Gough Island dans le viseur
Si la mer s’est un peu assagie ce dimanche par rapport à vendredi et samedi, les messages envoyés ce dimanche par les media men, qui ont pu enfin taper des mots sur le clavier de leurs ordinateurs, témoignent de la rudesse des conditions que les quatre trimarans de « Brest Atlantiques » ont endurées pendant 48 heures. « Voilà quelques jours que le simple fait de se pencher sur un clavier pour vous écrire ces quelques lignes paraissait inenvisageable. L’unique challenge de rester accoudé face à un ordinateur alors que le bateau essaie de battre le record de saut en hauteur au milieu de l’Atlantique Sud était physiquement impossible à réaliser pour moi », explique ainsi Martin Keruzoré, sur Sodebo Ultim.
Avant d’ajouter, à propos de l’état d’esprit des skippers Thomas Coville et Jean-Luc Nélias : « Après ces trois jours d’enfer, ils sont ce matin cachés sous des cagoules, les traits tirés, la mine des mauvais jours, les yeux abîmés de fatigue. Le Sud avec le rythme de sa houle a dicté la vie à bord, à savoir des phrases courtes, beaucoup d’intonations et d’exclamations, au plus loin de la belle poésie. »

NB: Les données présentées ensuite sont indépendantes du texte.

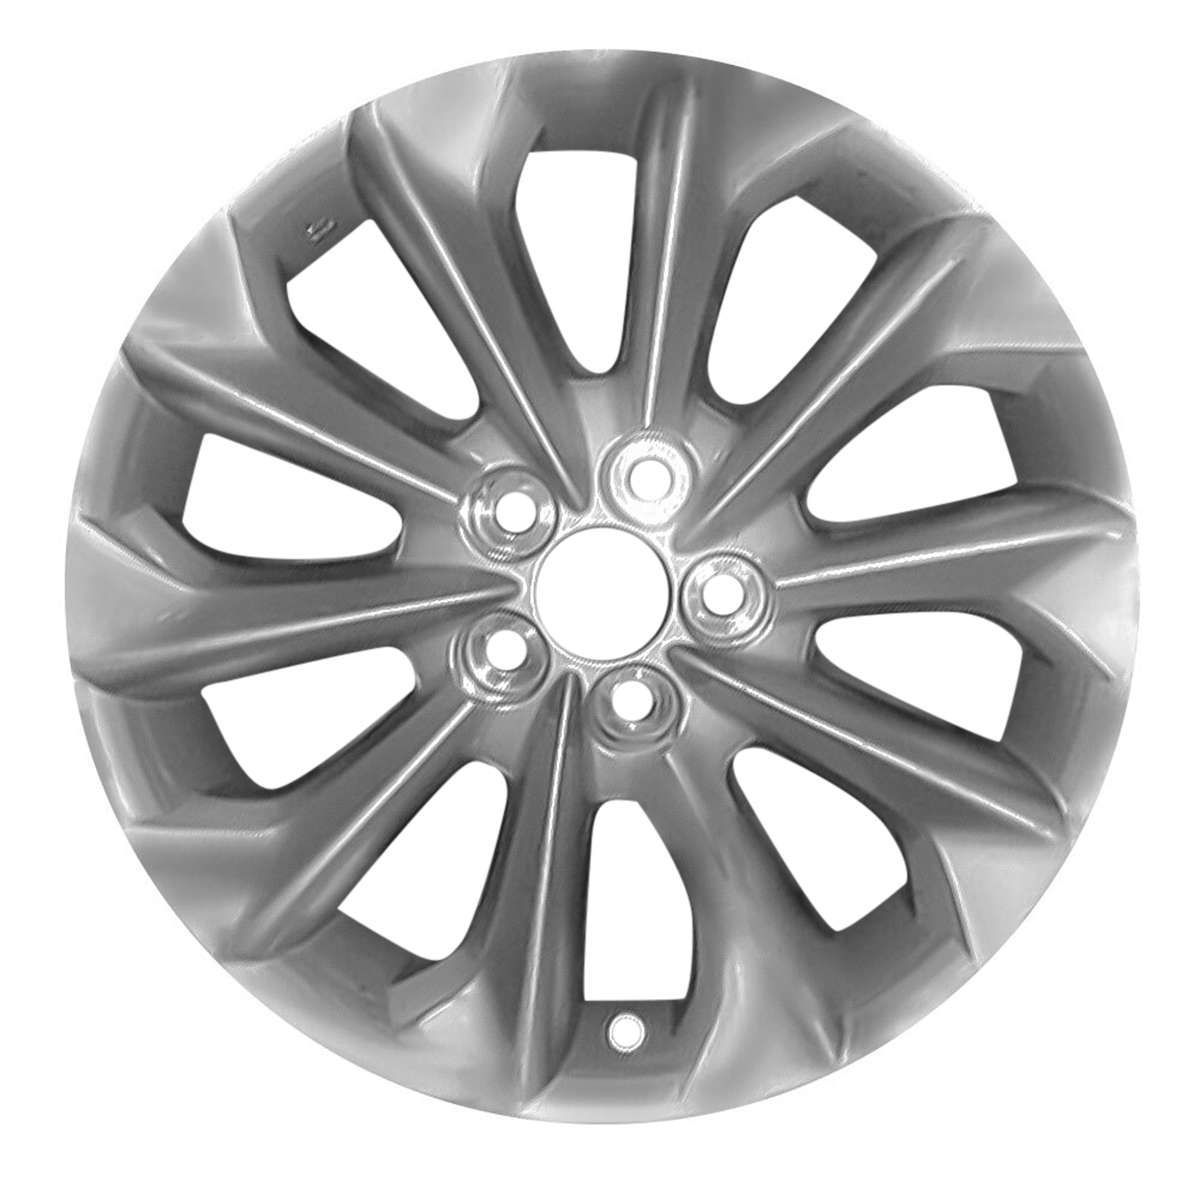 2022 Toyota Corolla New 16" Replacement Wheel Rim RW75252S

Son de cloche similaire pour Yann Riou, le media man du Maxi Edmond de Rothschild : « Ce soir, on devrait arriver à la porte des glaces. Ça ne sonne pas très engageant dit comme ça... Pourtant, ça signifie aussi qu’on en aura fini avec ce fichu bord de reaching ! Trois jours qu’on progresse face à la mer dans du vent soutenu. Alors oui, c’est devenu un peu moins pénible qu’en quittant Rio, mais il n’empêche, c’est compliqué. C’est compliqué de trouver le bon compromis pour aller vite sans risquer d’abîmer le bateau. C’est compliqué de trouver le sommeil entre deux sauts de vagues. Et c’est compliqué d’écrire ce message avec un clavier qui a du mal à bien vouloir rester campé sur mes genoux. Donc oui, on aura peut-être un peu froid, mais on est plutôt contents d’y arriver, dans ces fameux quarantièmes... »

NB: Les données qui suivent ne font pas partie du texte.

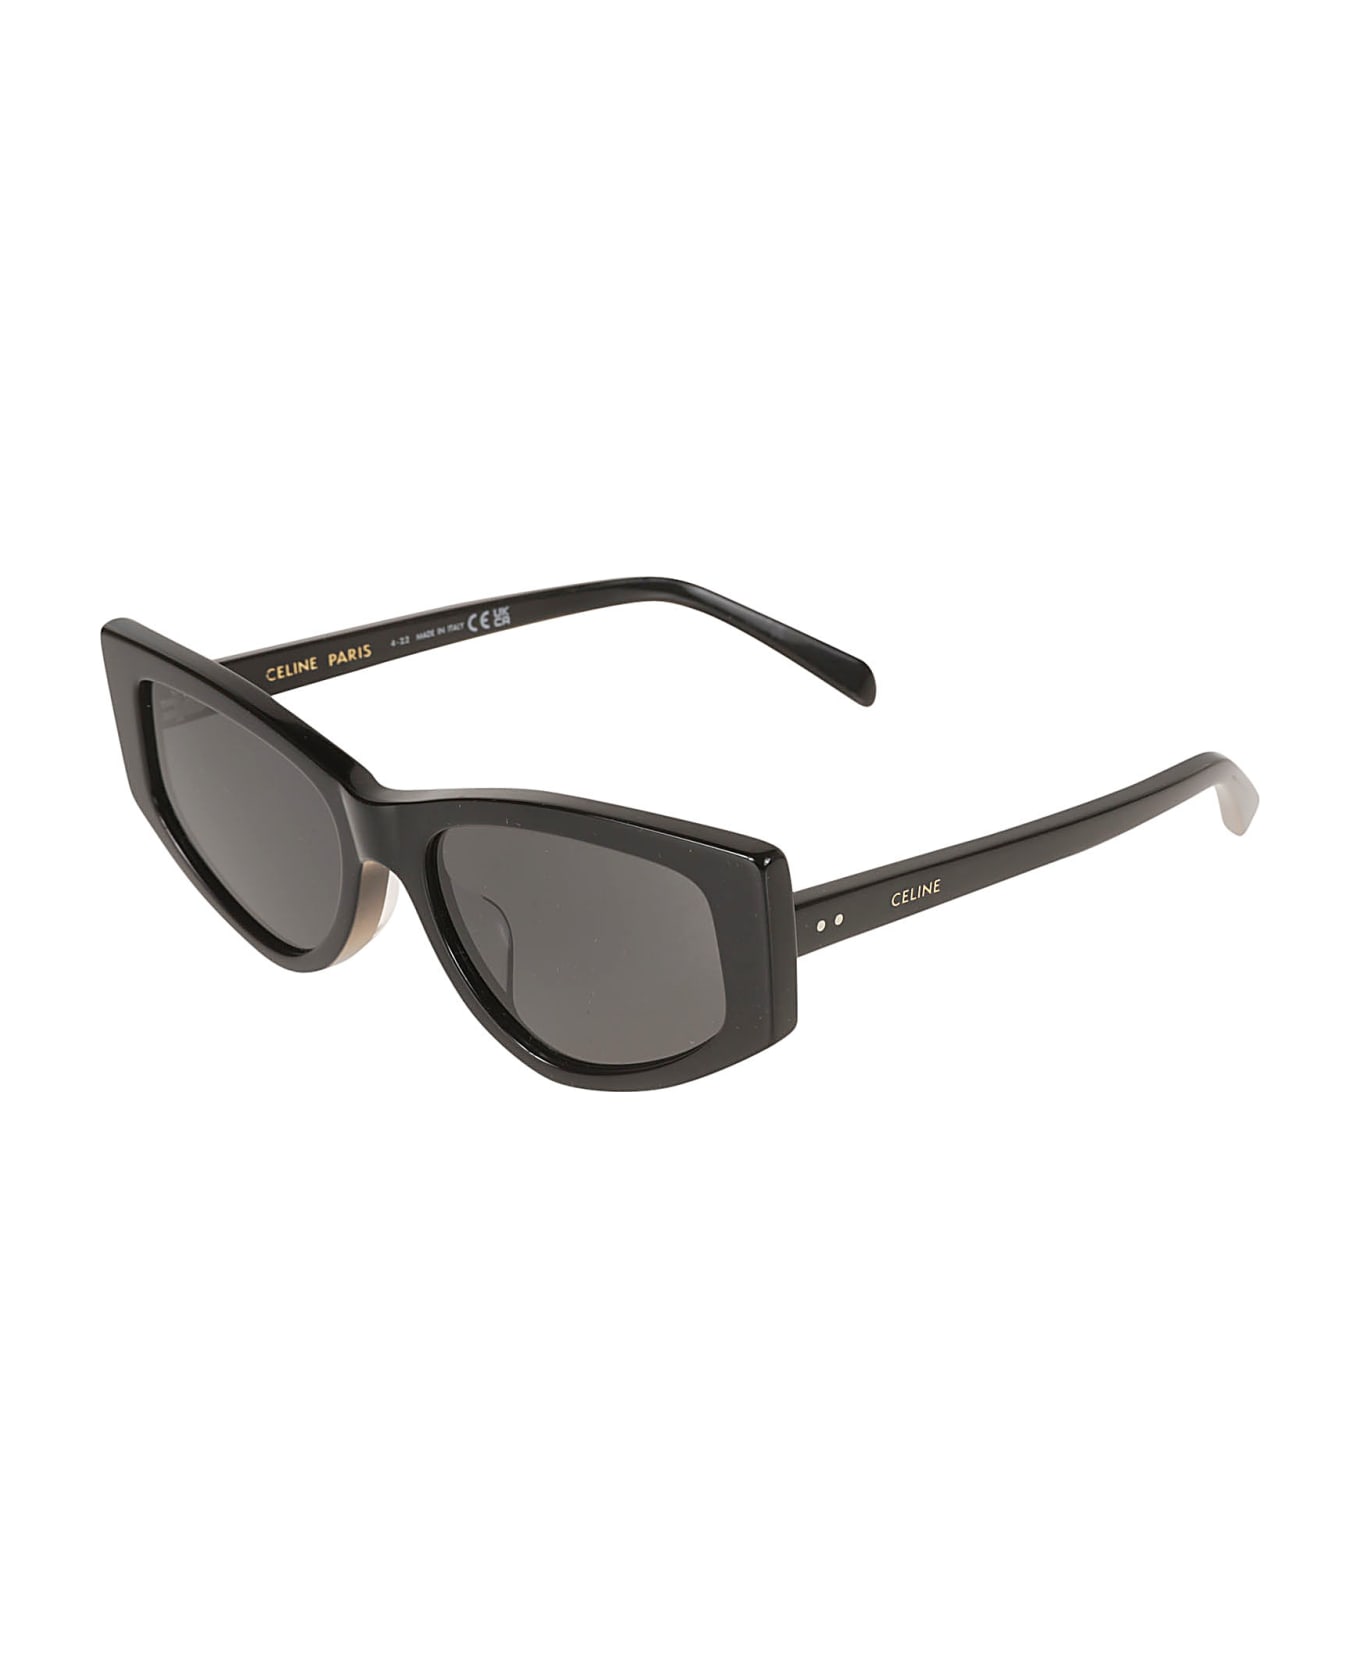 Celine Curve Square Sunglasses - Black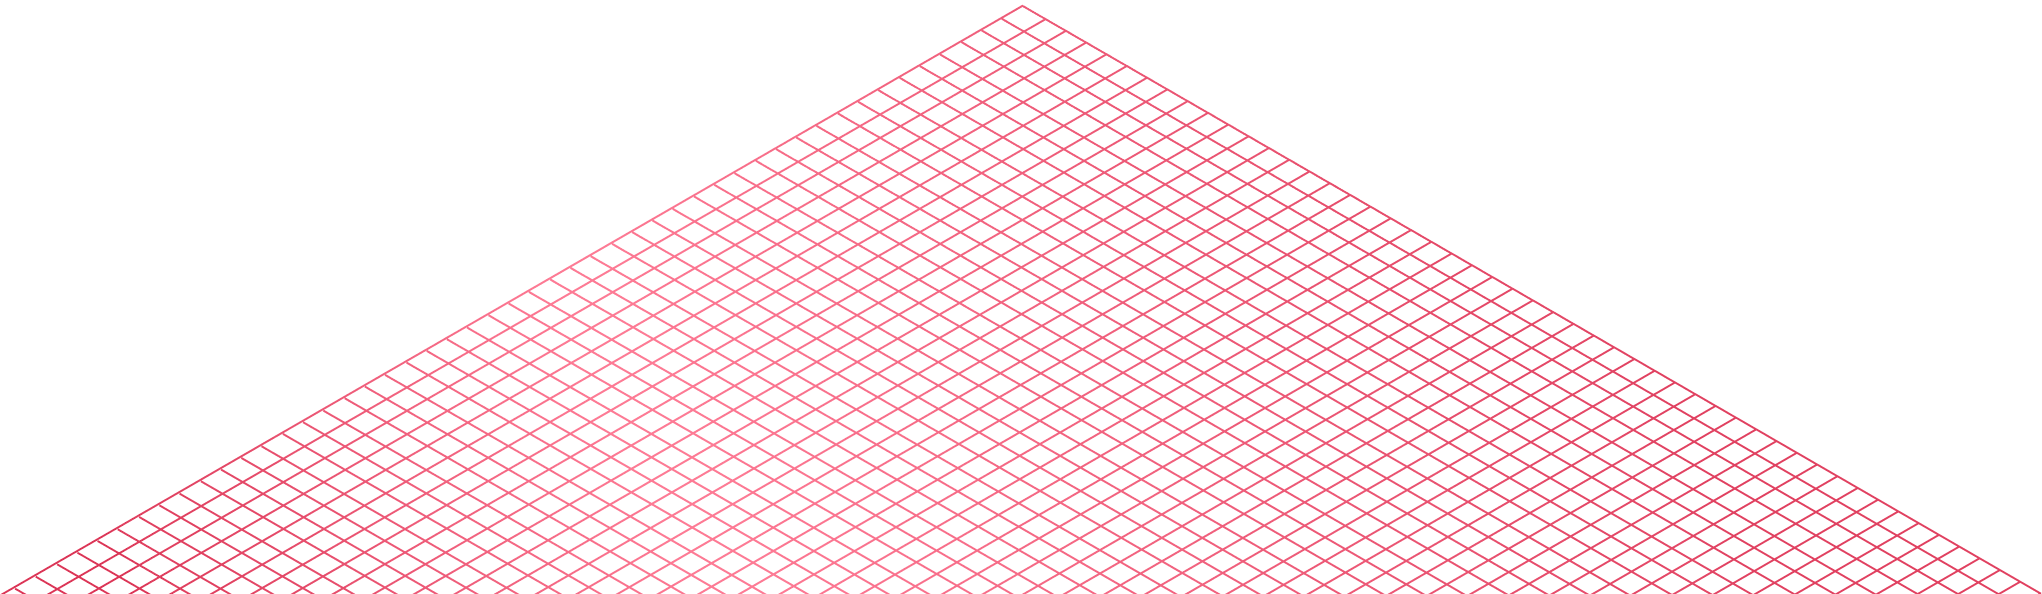 isometric-grid

Effectivement, c’est la nuit prochaine que le Maxi Edmond de Rothschild, après avoir laissé en fin de journée les îles Tristan da Cunha à bâbord, est attendu au niveau de Gough Island, île située en plein milieu de l’Atlantique Sud, à la limite nord de la zone d’exclusion des glaces (« ZEG »), dans laquelle les trimarans ont interdiction de pénétrer. Ralentis la nuit dernière dans une zone moins ventée, Franck Cammas et Charles Caudrelier ont depuis profité d’une mer moins « casse-bateau » pour allonger la foulée, flashés à 33.4 nœuds de moyenne entre les classements de 12h et 16h ! Ce qui leur a permis de retendre l’élastique avec leurs poursuivants, le trimaran MACIF (François Gabart/Gwénolé Gahinet) étant pointé à 16h à 103 milles (contre 51 huit heures plus tôt), Sodebo Ultim 3 à 223, Actual Leader (Yves Le Blevec/Alex Pella) à 340, dont la bâche aéro située derrière la poutre avant s'est déchirée dans une vague (voir le témoignage de Ronan Gladu).
Arrivés à Gough Island, qu’ils laisseront à tribord, les bateaux de tête vont alors se glisser sous un anticyclone dans du vent d’ouest qui va les obliger à multiplier les empannages le long de la « ZEG », tandis que derrière eux, Actual Leader devrait bénéficier d’une remontée progressive de cet anticyclone pour faire une route plus directe vers Le Cap, où les quatre trimarans sont attendus en une quinzaine d’heures à partir de la nuit de mercredi à jeudi.